Similar models include [Mixtral-8x7B-Instruct-v0.1](https://aimodels.fyi/models/huggingFace/mixtral-8x7b-instruct-v01-mistralai), [llava-v1.6-mistral-7b-hf](https://aimodels.fyi/models/huggingFace/llava-v16-mistral-7b-hf-llava-hf), [Mistral-7B-Instruct-v0.1](https://aimodels.fyi/models/huggingFace/mistral-7b-instruct-v01-mistralai), and [Mixtral-8x7B-v0.1](https://aimodels.fyi/models/huggingFace/mixtral-8x7b-v01-mistralai), all of which leverage the Mistral model architecture.

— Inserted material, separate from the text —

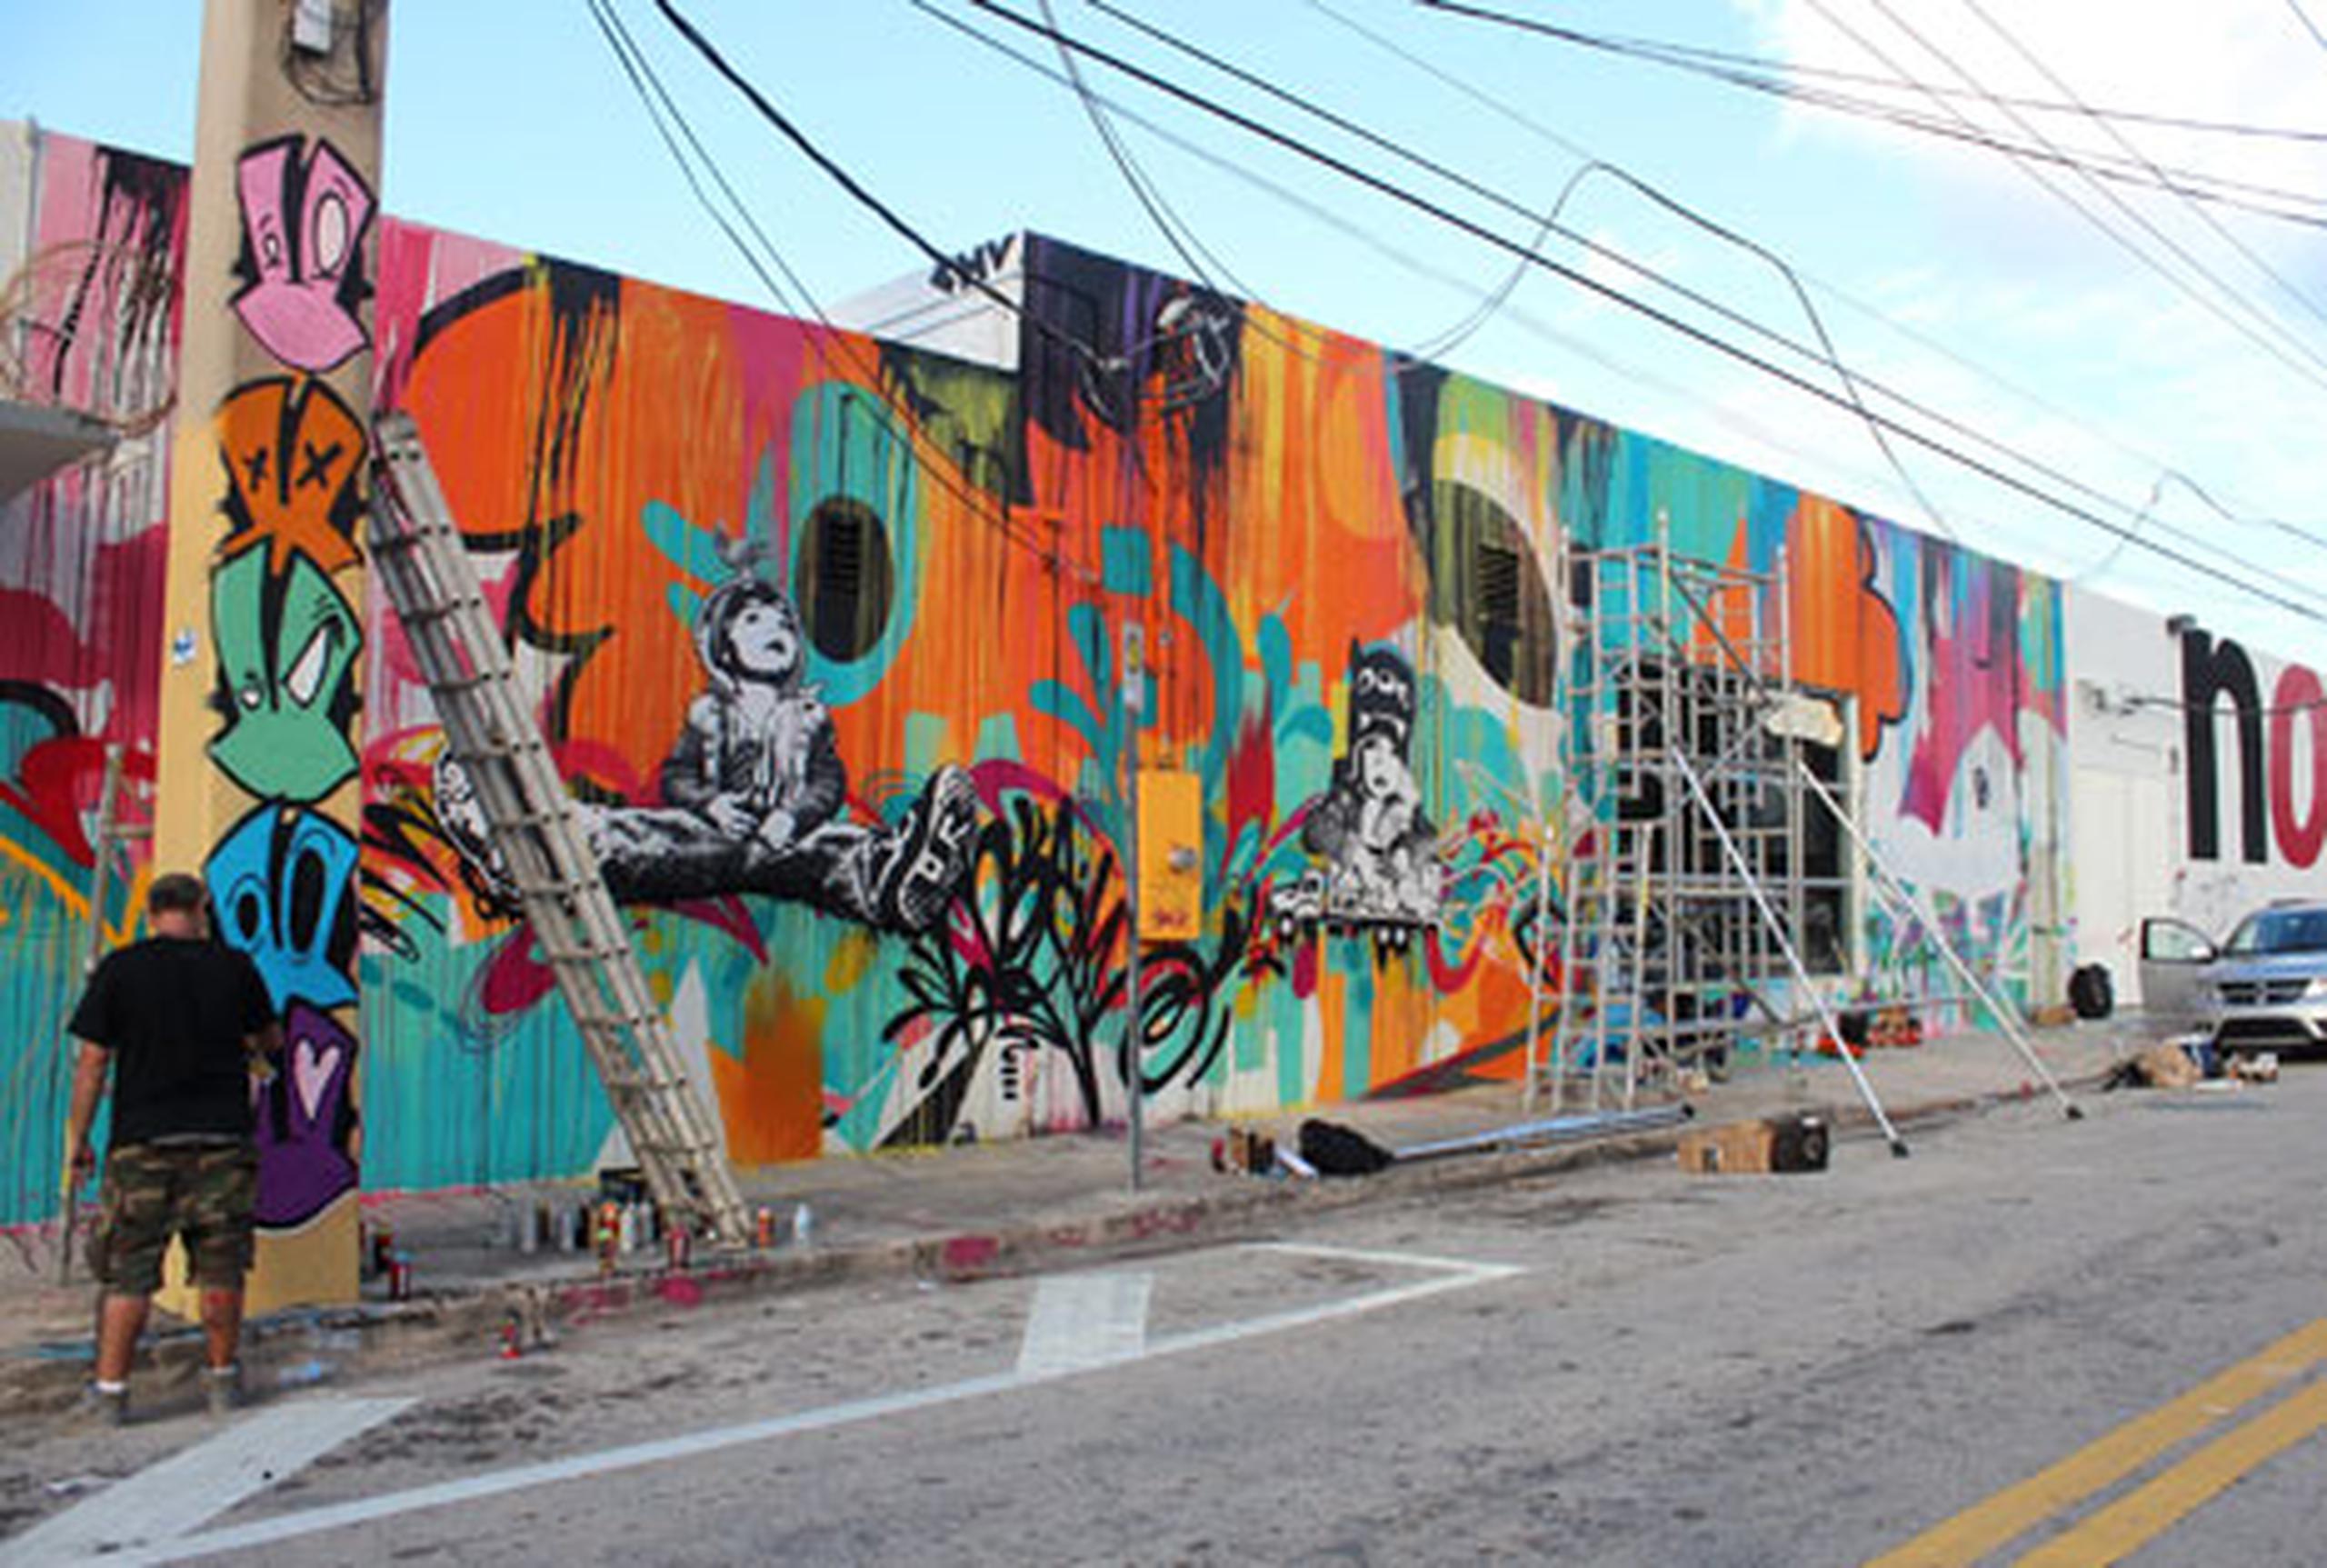 La zona de grafitis de Wynwood, el barrio artístico de Miami, reafirmará a partir del miércoles su condición de referente de las nuevas corrientes plásticas. (EFE/Mar Gonzalo)

## Model inputs and outputs

### Inputs
- **OCR text boxes**: The model takes the output of an OCR engine, which is a list of text boxes with bounding box coordinates, as input.

### Outputs
- **Structured JSON object**: The model generates a well-formed JSON object representing the receipt or invoice data, based on the provided OCR text.

## Capabilities

The `mistral7b_ocr_to_json_v1` model is capable of converting unstructured OCR text into a structured JSON representation. This can be useful for automating various document processing tasks, such as invoice or receipt digitization, where the goal is to extract key information like item names, quantities, prices, and taxes into a machine-readable format.

## What can I use it for?

This model can be employed in a variety of document processing and automation scenarios. For example, you could use it to build an application that automatically extracts data from images of receipts or invoices and transforms them into a structured format for further processing or storage. This could be particularly useful for businesses that deal with a high volume of physical documents, as it can streamline their data entry and record-keeping processes.

## Things to try

One interesting thing to try with this model is to experiment with different OCR engines and evaluate how the quality of the input text affects the performance of the JSON generation. You could also try incorporating additional context, such as the document type or the business domain, to see if that improves the accuracy of the generated JSON output.